A ban on zero-hours contracts and a repeal of the Trade Union Act have been pledged by Labour leadership candidate Owen Smith
Labour leadership candidate Owen Smith has unveiled 20 pledges a labour government under him would introduce.
Smith’s policies include:
- A pledge to focus on equality of outcome, not equality of opportunity.
- Plans to scrap the DWP and replace it with a Ministry for Labour and a Department for Social Security.
- Plans to introduce modern wages councils for hotel, shop and care workers to strengthen terms and conditions.
- Banning zero-hours contracts.
- Ending the public sector pay freeze.
- Extending the right to information and consultation to cover all workplaces with more than 50 employees.
- Ensuring worker representation on remuneration committees.
- Repealing the Trade Union Act, which allows employers to break strikes by bringing in agency workers to cover for strikers.
Regarding a blanket ban on zero-hours contracts, Beverley Sunderland, managing director of Crossland Employment Solicitors, pointed out that this could be potentially detrimental to those workers who benefit from such arrangements.

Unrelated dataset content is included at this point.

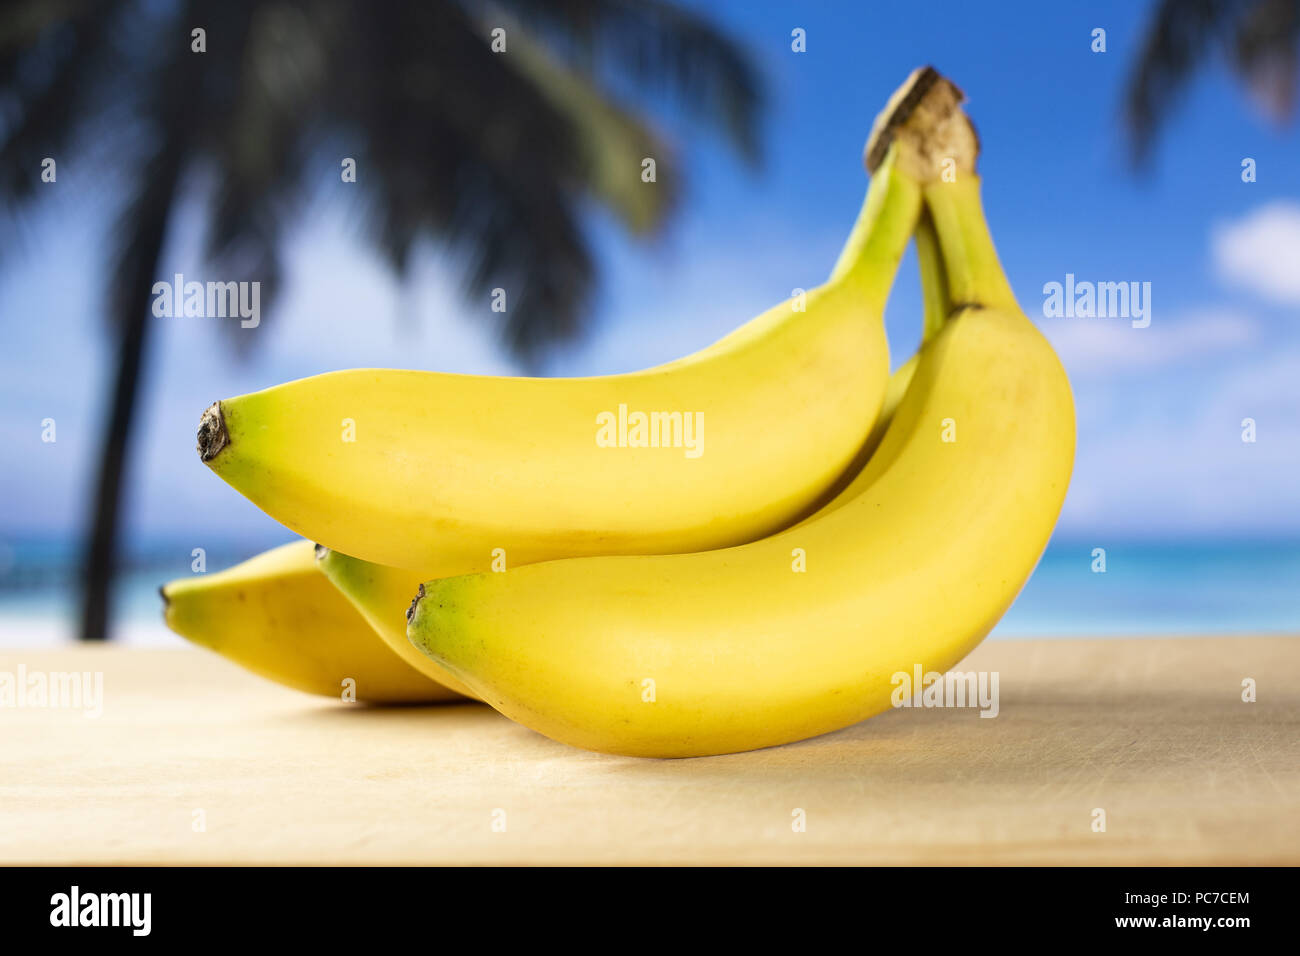 Group of three whole fresh yellow banana one cluster with palm trees on the beach in background Stock Photo

“While zero-hours contracts have received some very poor press in recent months, it is said that this kind of arrangement does work for some, giving them the flexibility to pick and choose when they work,” she told HR magazine. “Before implementing a knee-jerk blanket ban on such contracts, perhaps more research is needed and if indeed there is support for an arrangement of this kind, then consideration should be given for a middle ground which allows flexibility but also provides greater rights.”

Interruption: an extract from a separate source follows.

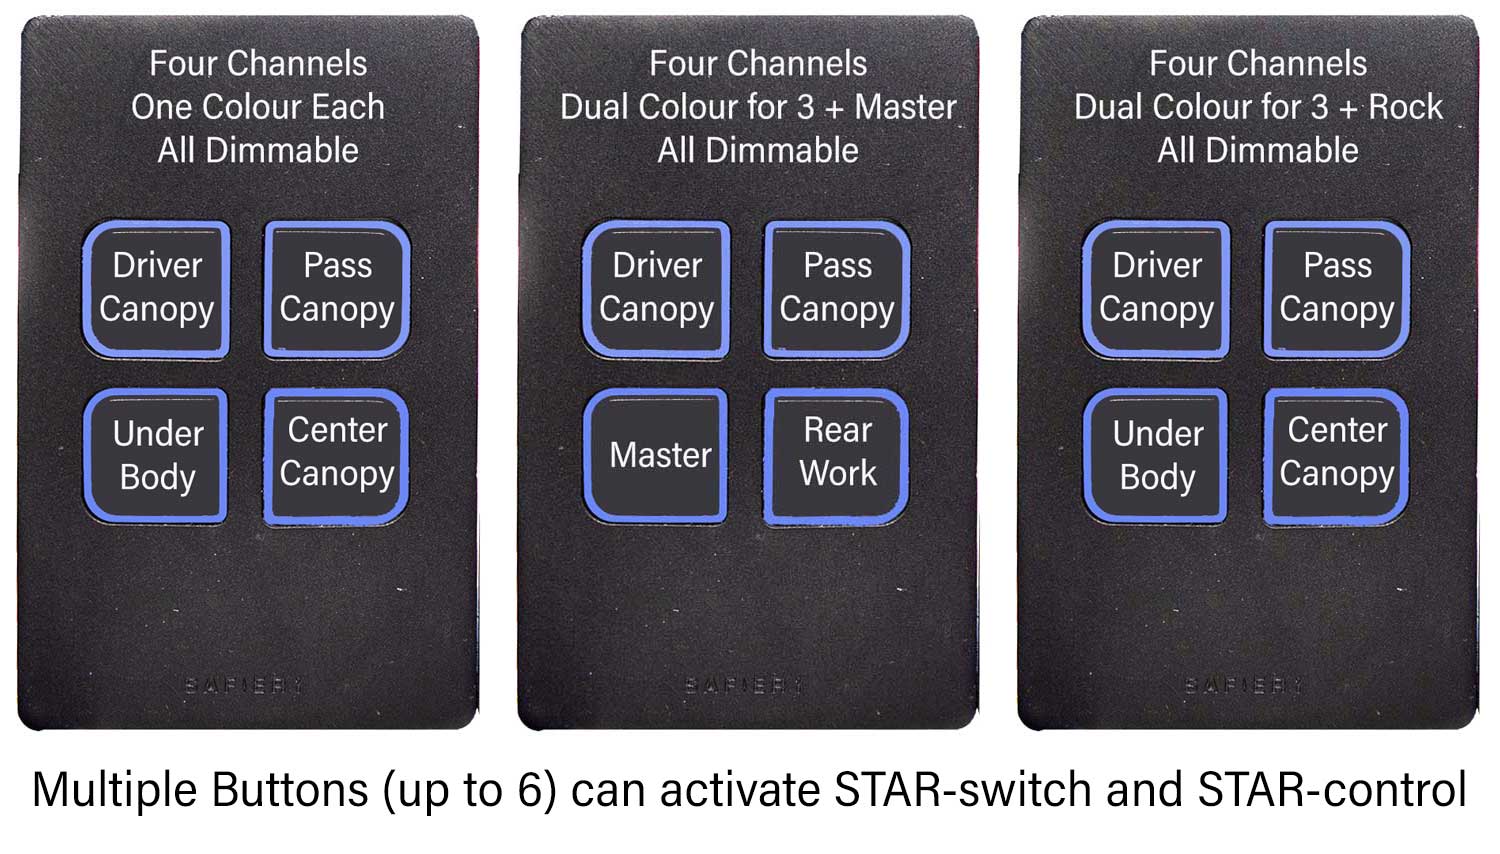 STAR-switch can be in multples up to 6

Commenting on Smith’s pledge to end the public sector pay freeze, Tom Stenner-Evans, a specialist in public sector work and senior associate at law firm Michelmores, said more analysis was required to determine the viability of this. “While the decision to end the public sector pay freeze would be welcomed by employees at all levels, further analysis of whether that would be financially viable would most likely be required,” he said.
He added that Smith’s pledges represented highly employee- rather than employer-orientated intentions. “Repealing the Trade Union Act 2016, which has been welcomed by many employers, would be a divisive move, but would likely ensure ongoing support from the unions. The blanket ban on zero-hours contracts will bring mixed reactions, particularly as both employers and employees often value the flexibility that such contracts can afford when used appropriately and properly,” he added.
The Labour leadership contest will be settled in September. Smith is standing against incumbent leader Jeremy Corbyn.